> _TRY IT_
Leave out the pictures and retype, exactly, the lines below from the line with "Uncensored / Sweatshirt" up to and including the line with "Prenájom rodinného domčeku", nothing more.

> _MATERIAL SUPPLIED_
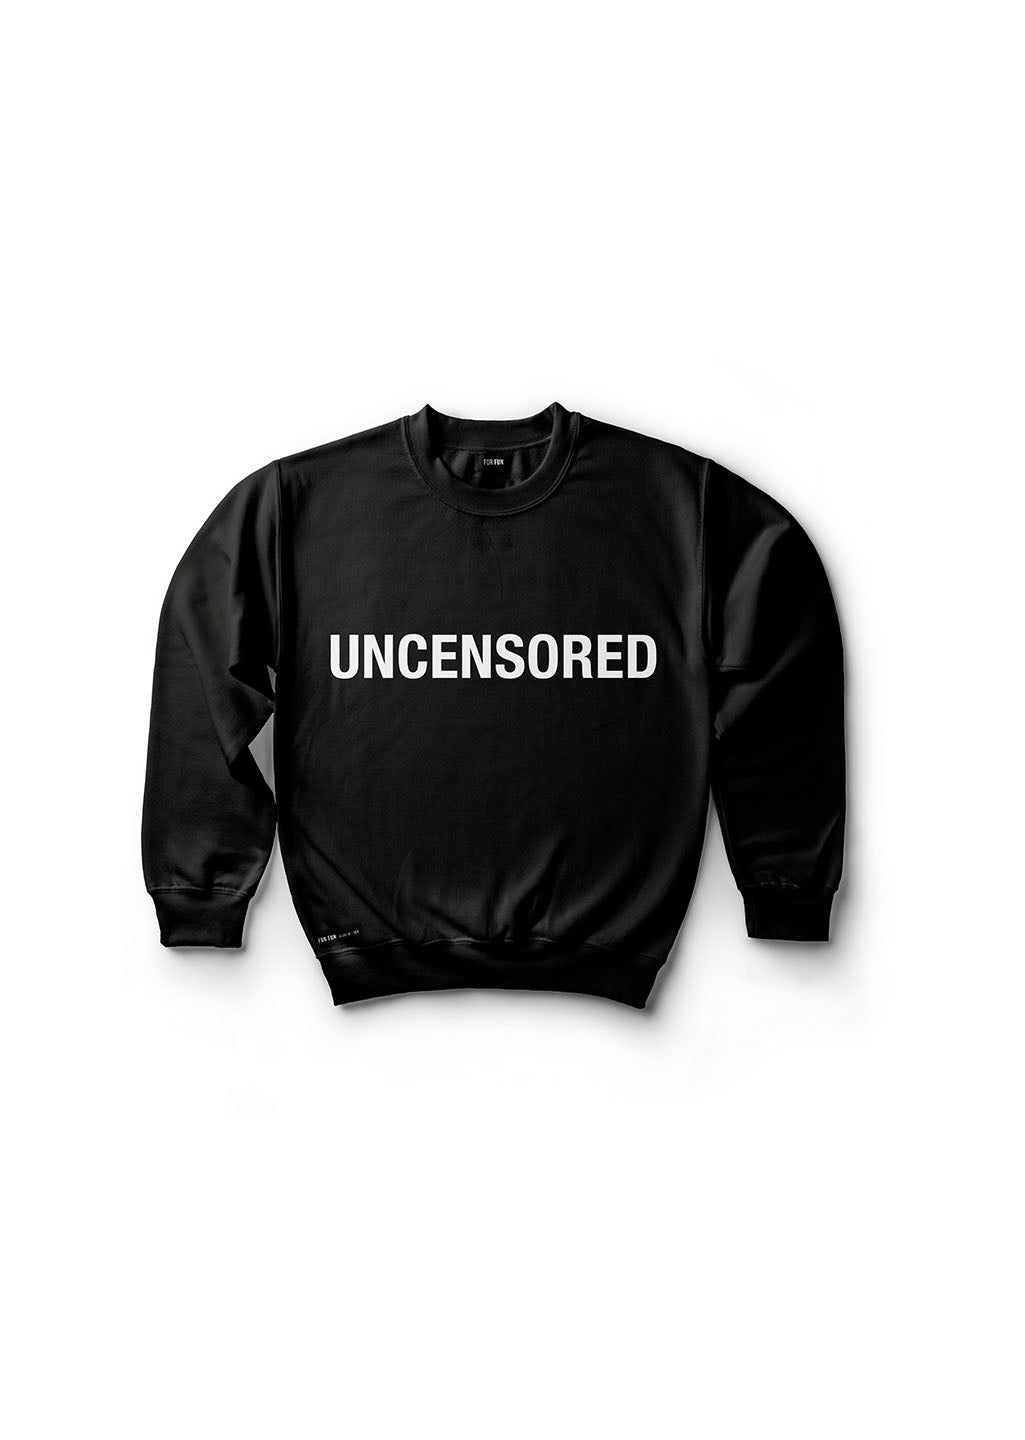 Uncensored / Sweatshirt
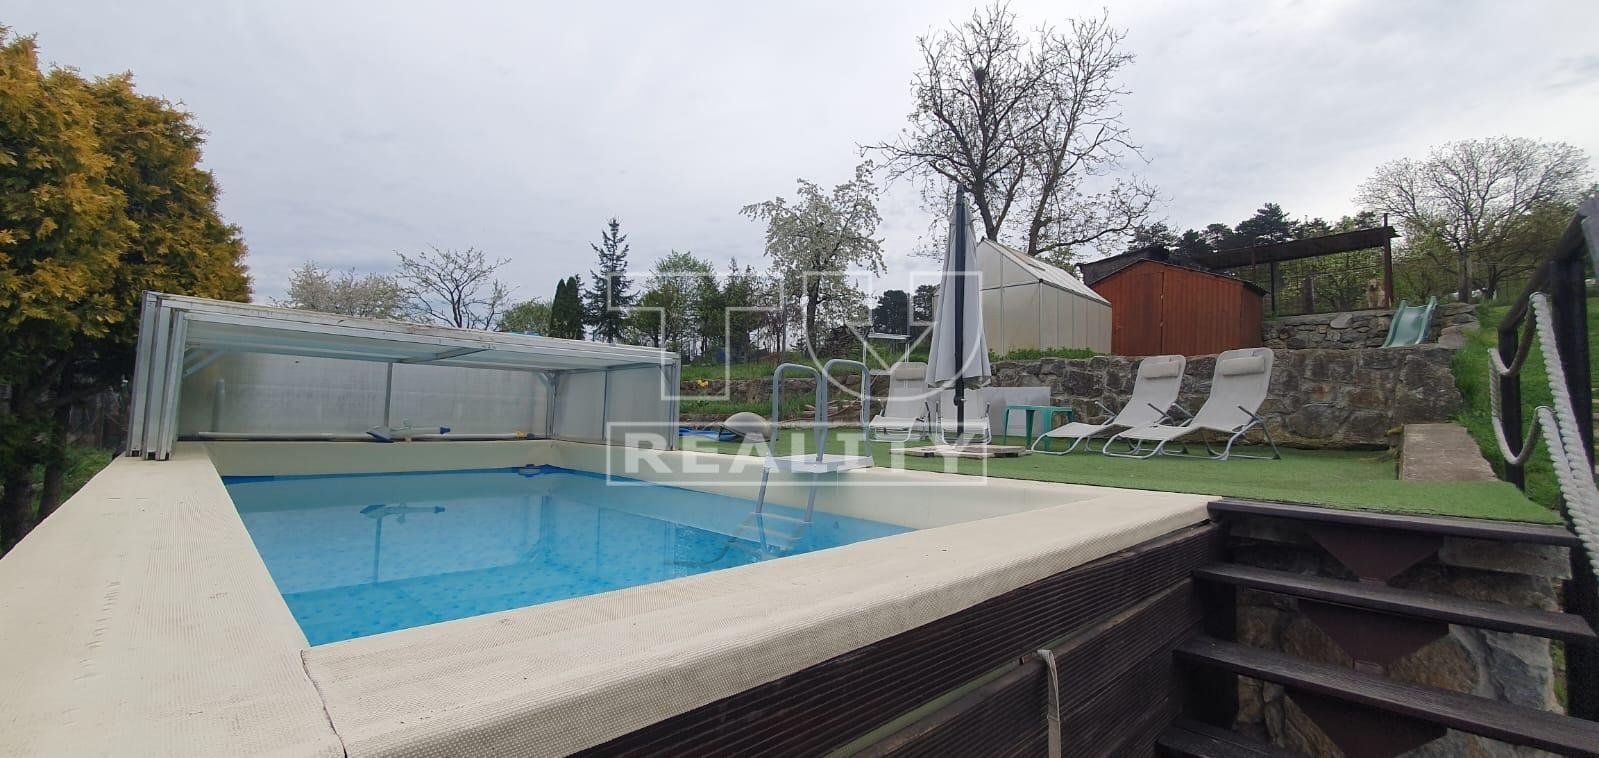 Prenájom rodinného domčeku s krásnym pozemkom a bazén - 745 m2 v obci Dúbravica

...

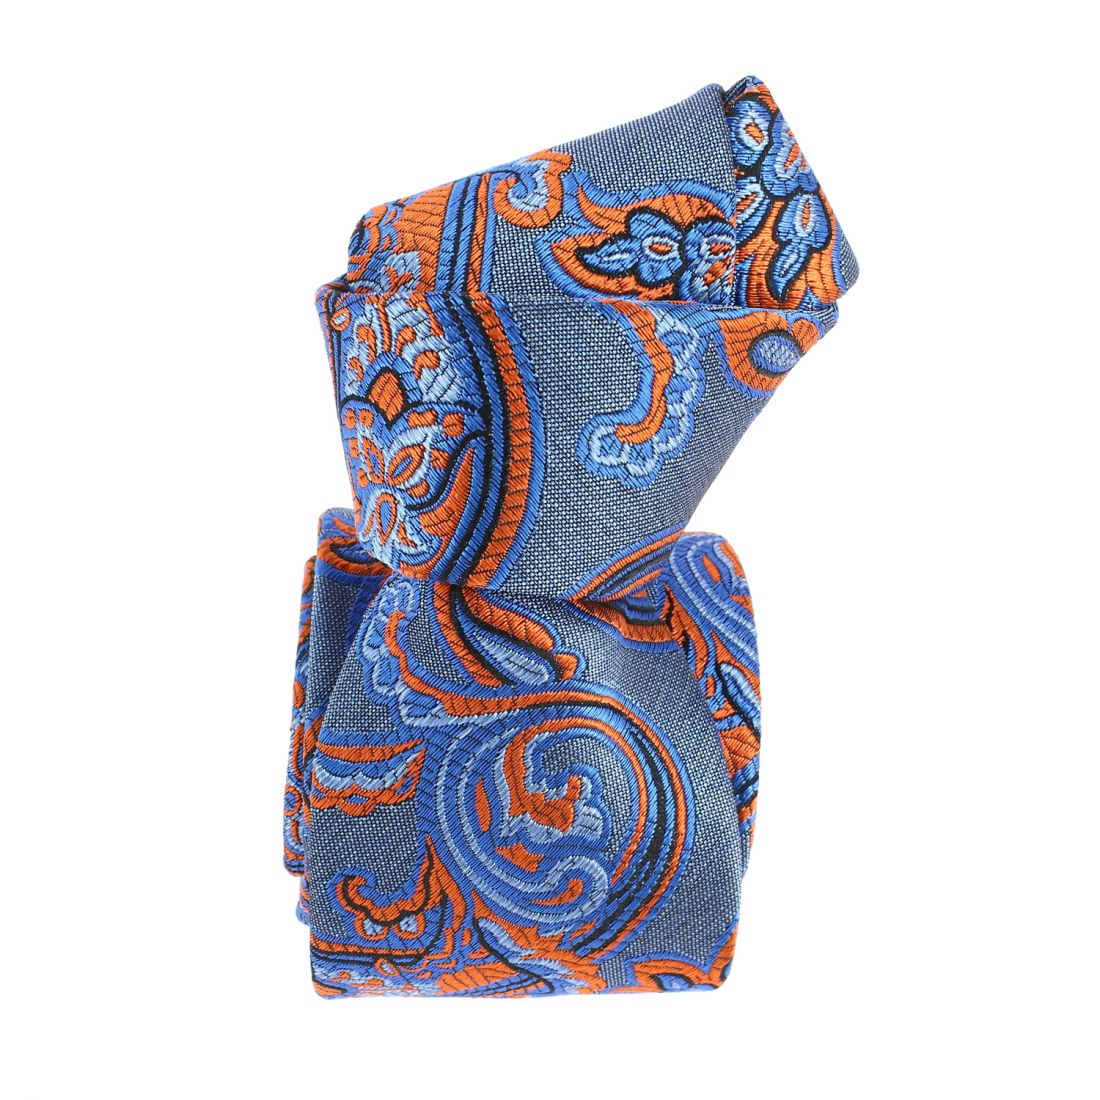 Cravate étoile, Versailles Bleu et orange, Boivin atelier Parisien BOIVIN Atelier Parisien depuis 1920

> _REPLY TO THE EXERCISE_
 Uncensored / Sweatshirt
 Prenájom rodinného domčeku s krásnym pozemkom a bazén - 745 m2 v obci Dúbravica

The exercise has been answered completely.